Even if I could catch him, I wouldn't have the money to get his leg fixed, neutered, etc. I'm pretty sure it's broken, because when he does try to put weight on it, he just kind of falls to that side. 

I know you probably don't have any answers, I guess I just wanted a little TLC, ya know? My heart is breaking for him.....


----------



## Heidi n Q (Nov 22, 2006)

That is how we caught the feral cat I had been feeding in my barn. He had a broken leg and couldn't get away. We took him in and he was casted, given shots and neutered. Hubby made a kitty-hutch, similar to a rabbit hutch, with a litter box sunk into the floor. Then we moved him inside the house because it was too hot in the barn. 
The Wanderer became a retired feral and was an indoor cat ever since. He actually made a VERY good housecat. He adopted the little orphan kitten I had been bottle feeding and helped 'raise' Marmalade.

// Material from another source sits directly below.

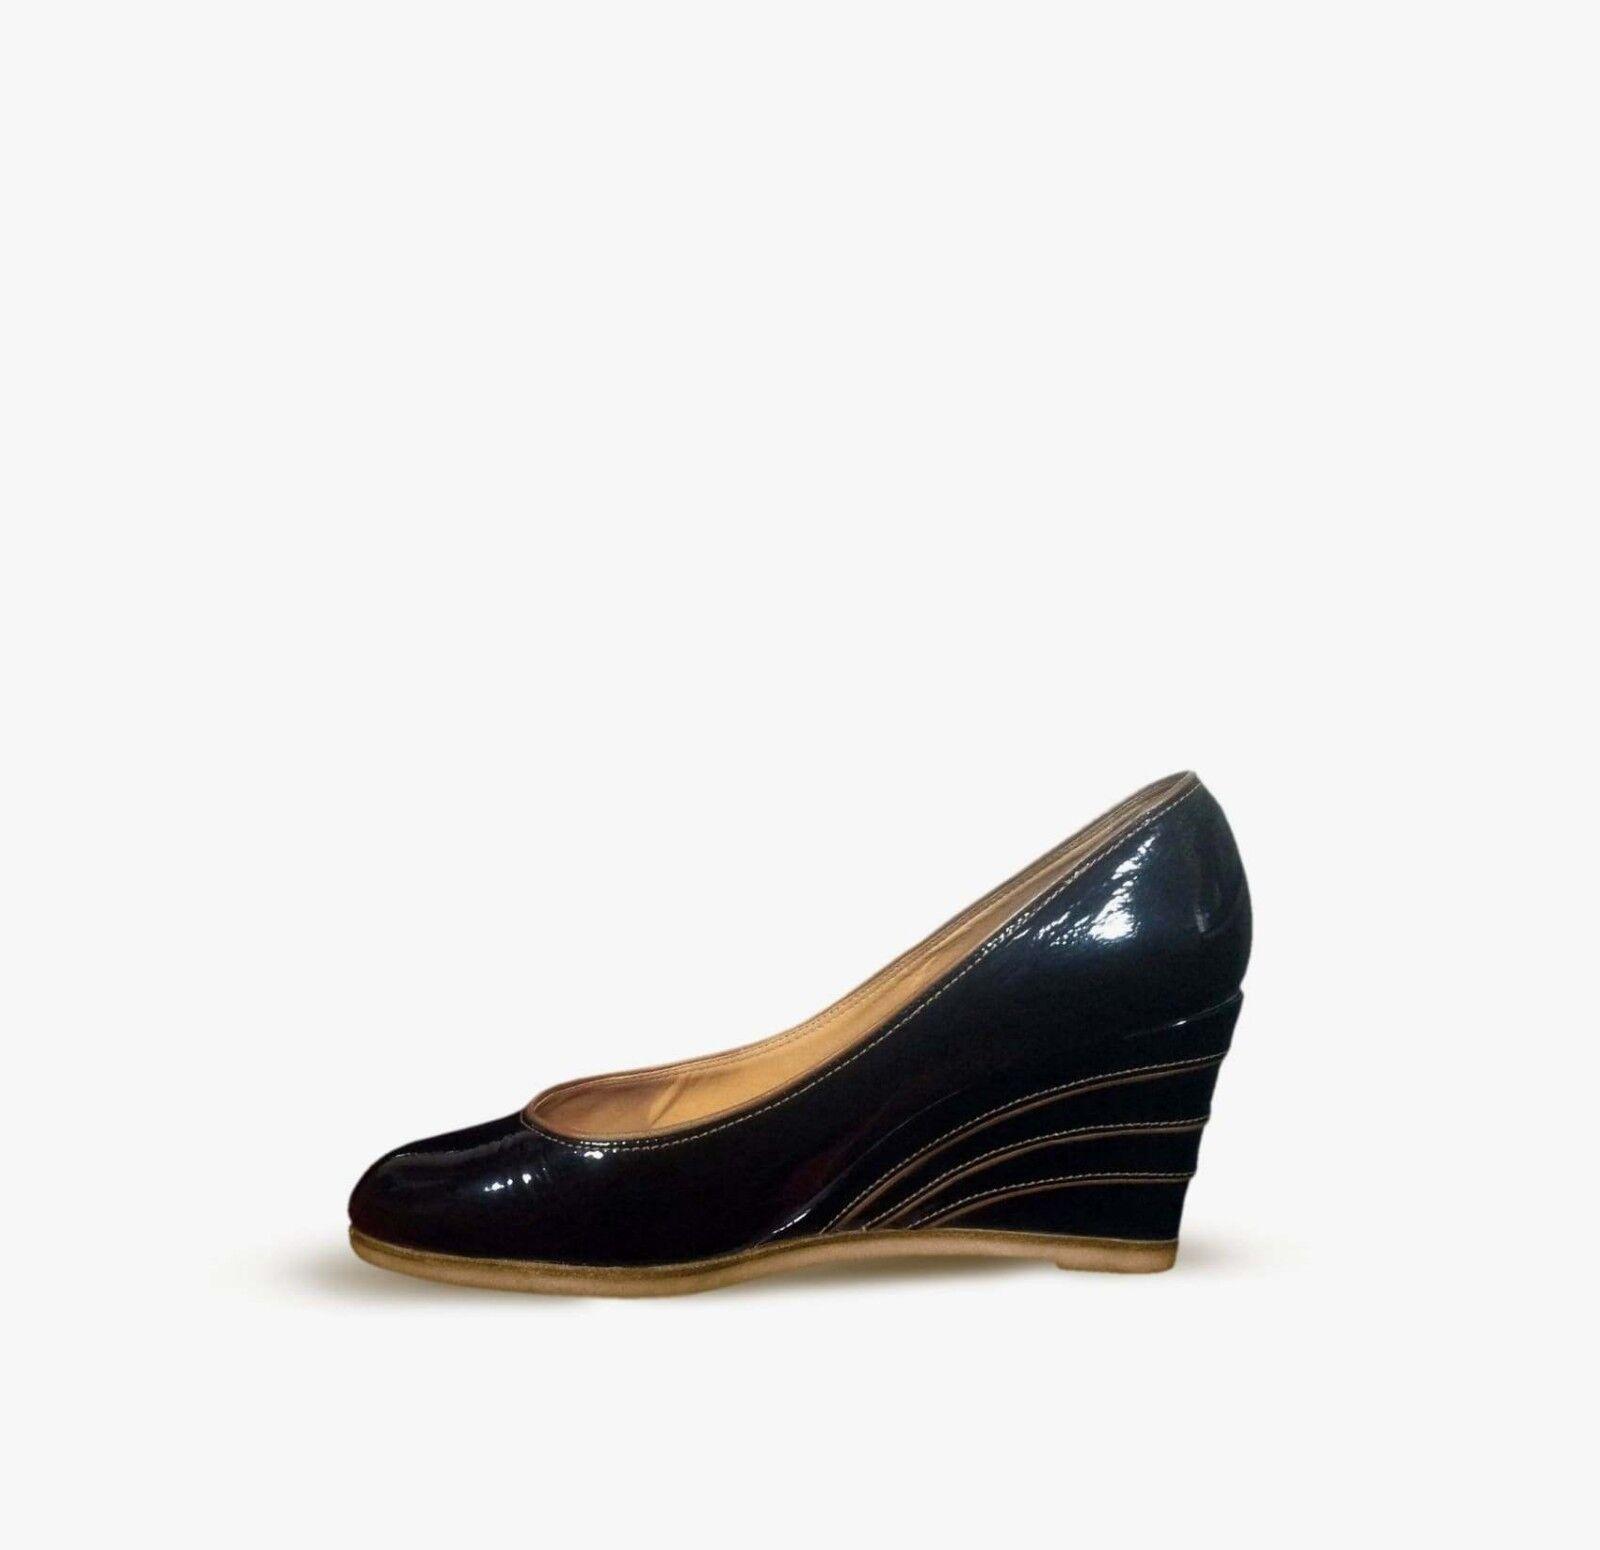 SALVATORE FERRAGAMO Women Wedge shoes Size 41 Formal Black Lackered shoes Sz 11

I think you need to try to trap this poor kitty and take it to a humane society or the pound for humane euthanasia if you can't afford to get his leg fixed. Poor guy...

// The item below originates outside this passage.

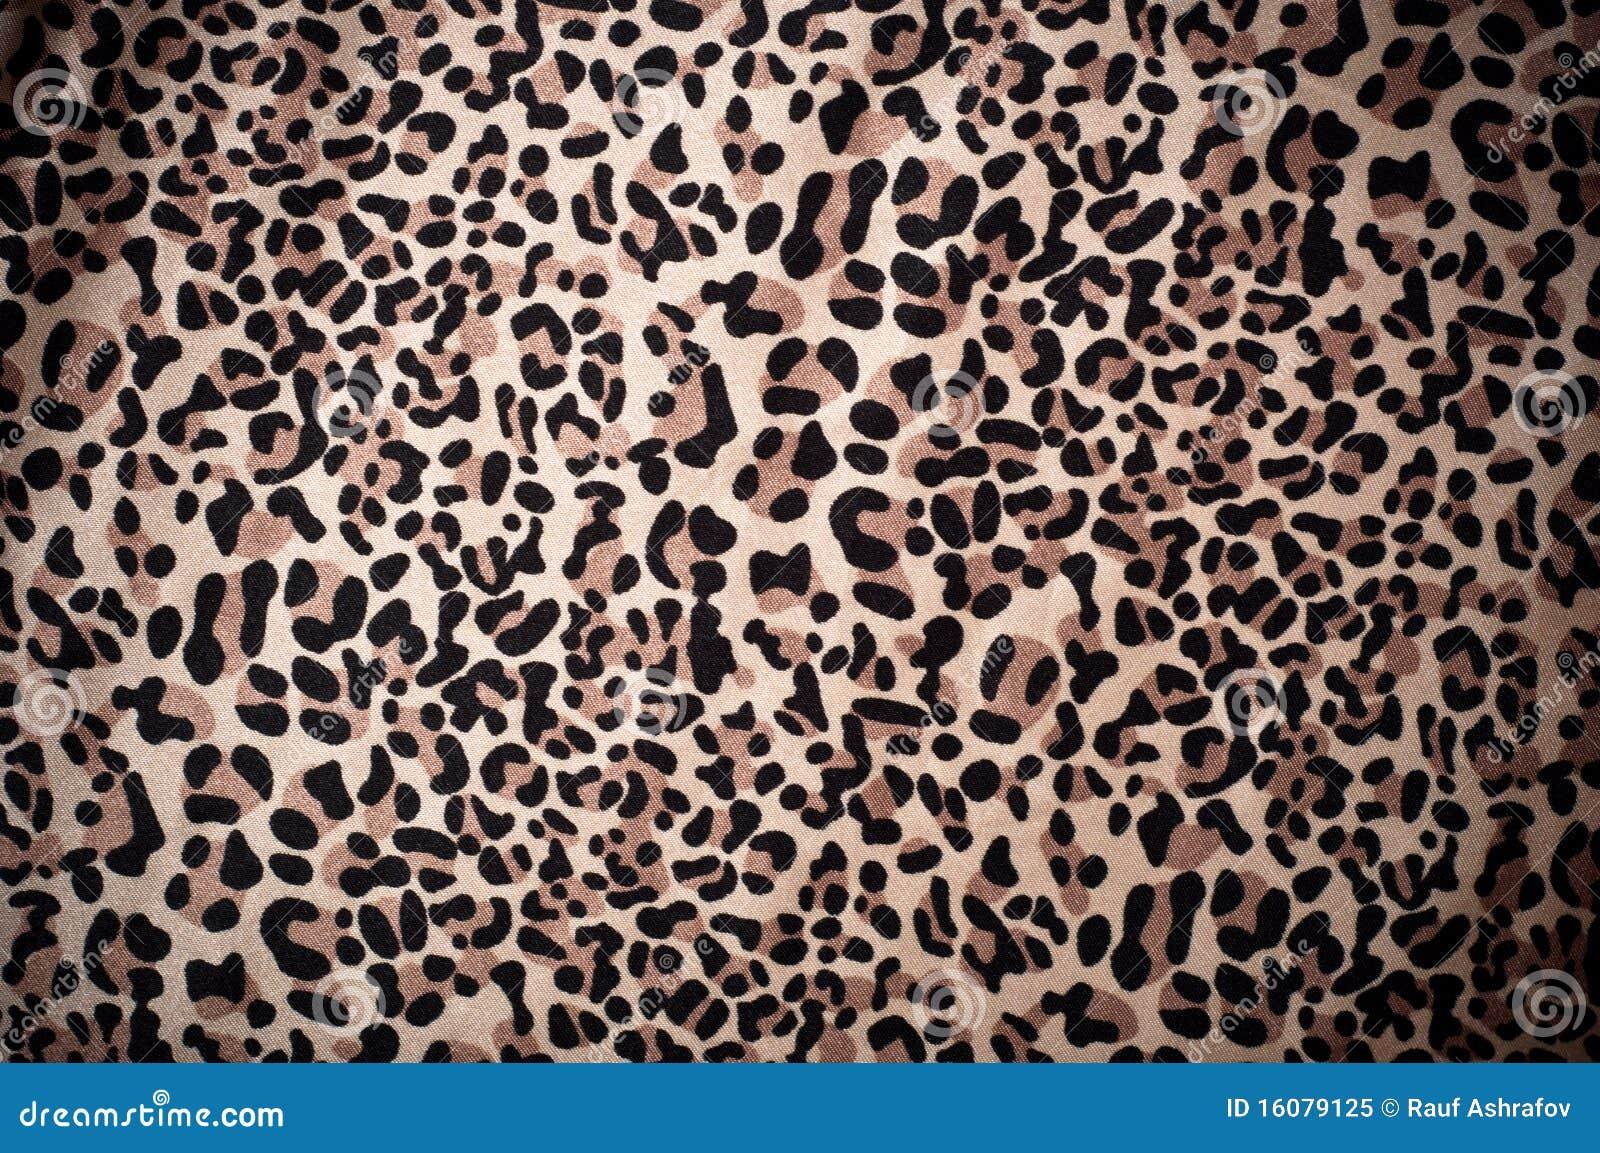 papier peint texturis de peau d corative de l opard photo libre de droits image 16079125. Black Bedroom Furniture Sets. Home Design Ideas

You may be able to rent/borrow a trap to catch him.
h


----------



## beth1954 (May 19, 2004)

*Feral*

I have a trap and we have caught several cats over the last few months. He has never even gone near a trap. He will let me pet him--only when he is on the top step of our back door. Whenever I go outside, he takes off. This morning he couldn't even make it up to the first step.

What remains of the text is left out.